L2：Release of pressure displacement from reversion load value when discharging up to reaching origin load value,

The assay method of above-mentioned modulus of elasticity in comperssion when compressing 10%：

Using micro-compression tester, in the smooth pressure head end face of 100 μm of cylinder of diameter, in 25 DEG C, compression speed 0.3mN/ Substrate particle is compressed under conditions of second and maximum test load 20mN, measures load value at this time and compression displacement, root According to acquisition measured value and above-mentioned modulus of elasticity in comperssion is found out by following formula,

10%K values or 30%K values=(3/2^1/2)·F·S^-3/2·R^-1/2

F：Substrate particle has carried out load value when 10% or 30% compressive deformation

S：Substrate particle has carried out compression displacement when 10% or 30% compressive deformation

R：The radius of substrate particle.

2. substrate particle as described in claim 1, wherein

The thickness of the shell be 100nm or more, 5 μm or less.

3. substrate particle as described in claim 1, wherein

Modulus of elasticity in comperssion when compressing 30% is 3000N/mm²Below.

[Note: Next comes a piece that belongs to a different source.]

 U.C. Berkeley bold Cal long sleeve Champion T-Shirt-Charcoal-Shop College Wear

4. substrate particle as described in claim 1, wherein

Load value when compressing 40% and the ratio between load value when compression 10% are 6 or less.

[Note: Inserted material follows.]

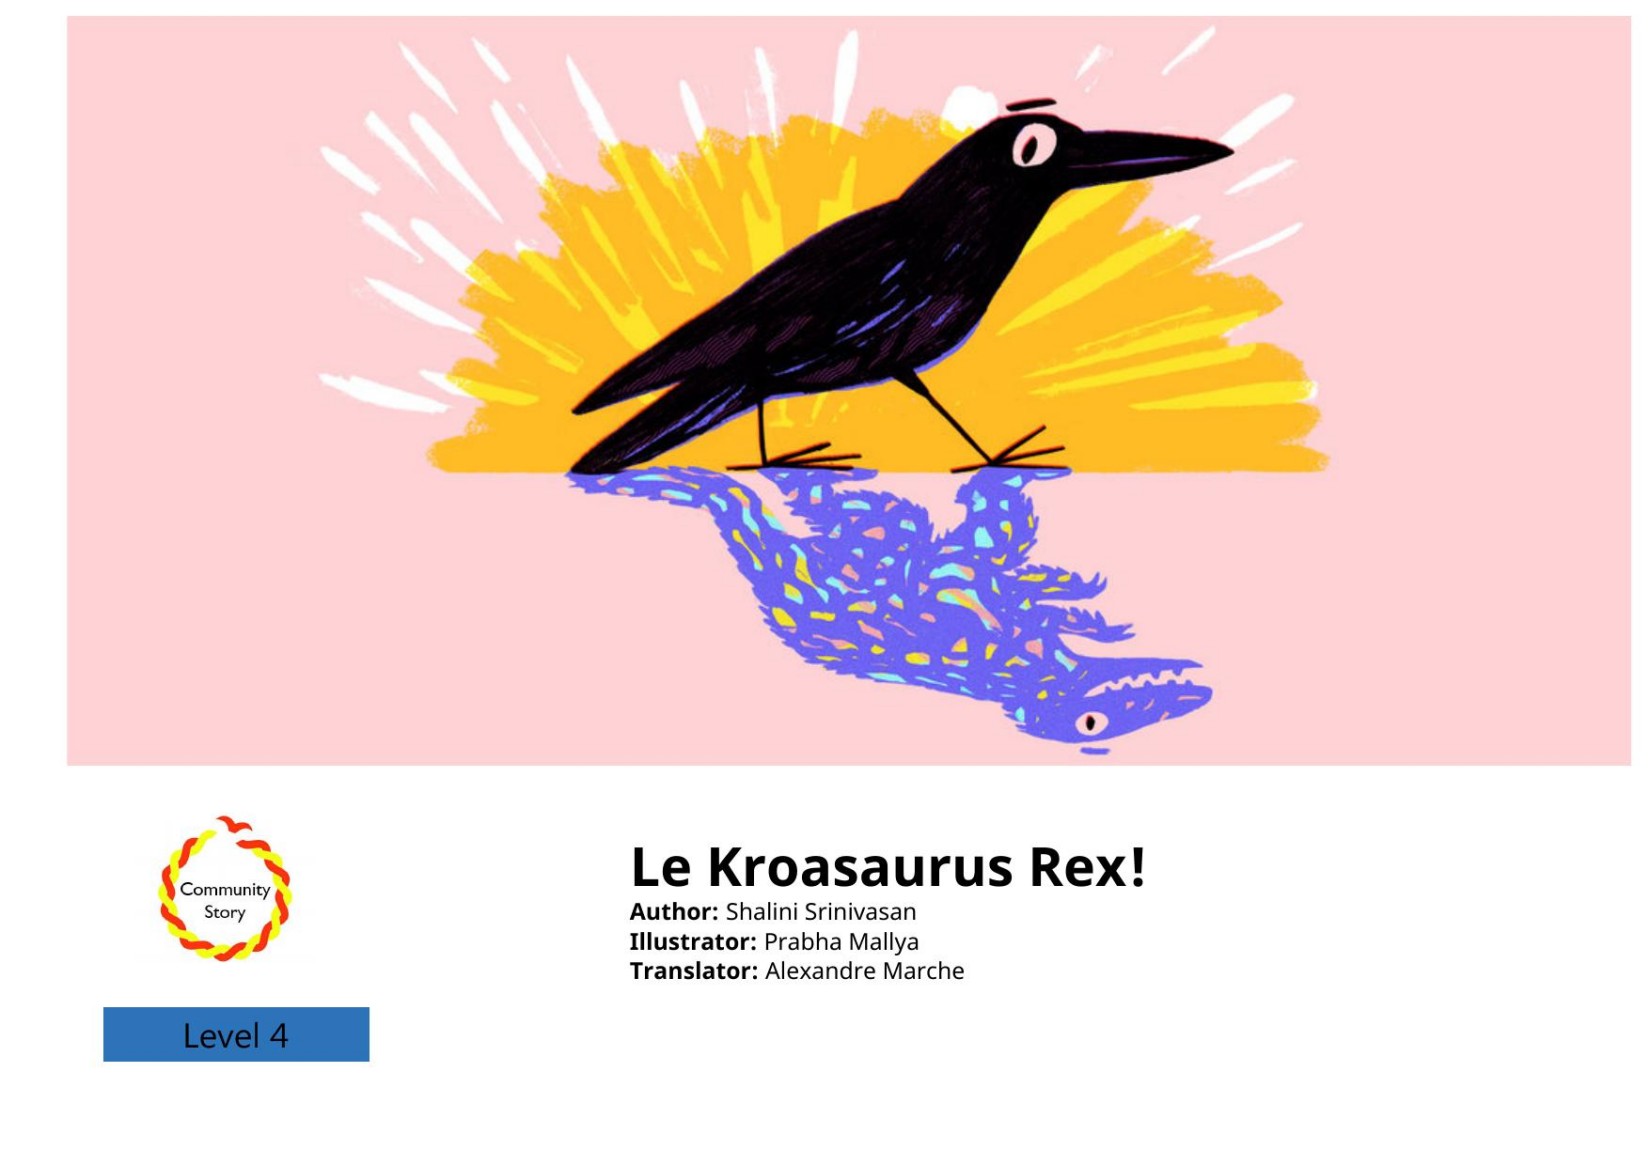 Le Kroasaurus Rex!

5. substrate particle as described in claim 1, breaking strain is 10% or more and 30% or less.

6. a kind of electroconductive particle, has：

Substrate particle according to any one of claims 1 to 5 and

The conductive layer being set on the substrate particle surface.

7. electroconductive particle as claimed in claim 6 also has the insulating properties object being set on the conductive layer outer surface Matter.

8. electroconductive particle as claimed in claims 6 or 7, wherein

There is protrusion in the outer surface of the conductive layer.

9. a kind of conductive material,

It contains electroconductive particle and adhesive resin,

The electroconductive particle has substrate particle according to any one of claims 1 to 5 and is set to the substrate particle Conductive layer on surface.

10. a kind of connection structural bodies comprising：

Surface have first electrode the first connecting object component,

Surface have second electrode the second connecting object component,

The interconnecting piece that the first connecting object component and the second connecting object component are connected,

The interconnecting piece is formed by electroconductive particle, or by the conductive material shape containing the electroconductive particle and adhesive resin At,

The electroconductive particle has substrate particle according to any one of claims 1 to 5 and is set to the substrate particle Conductive layer on surface,

The first electrode and the second electrode are electrically connected by the electroconductive particle.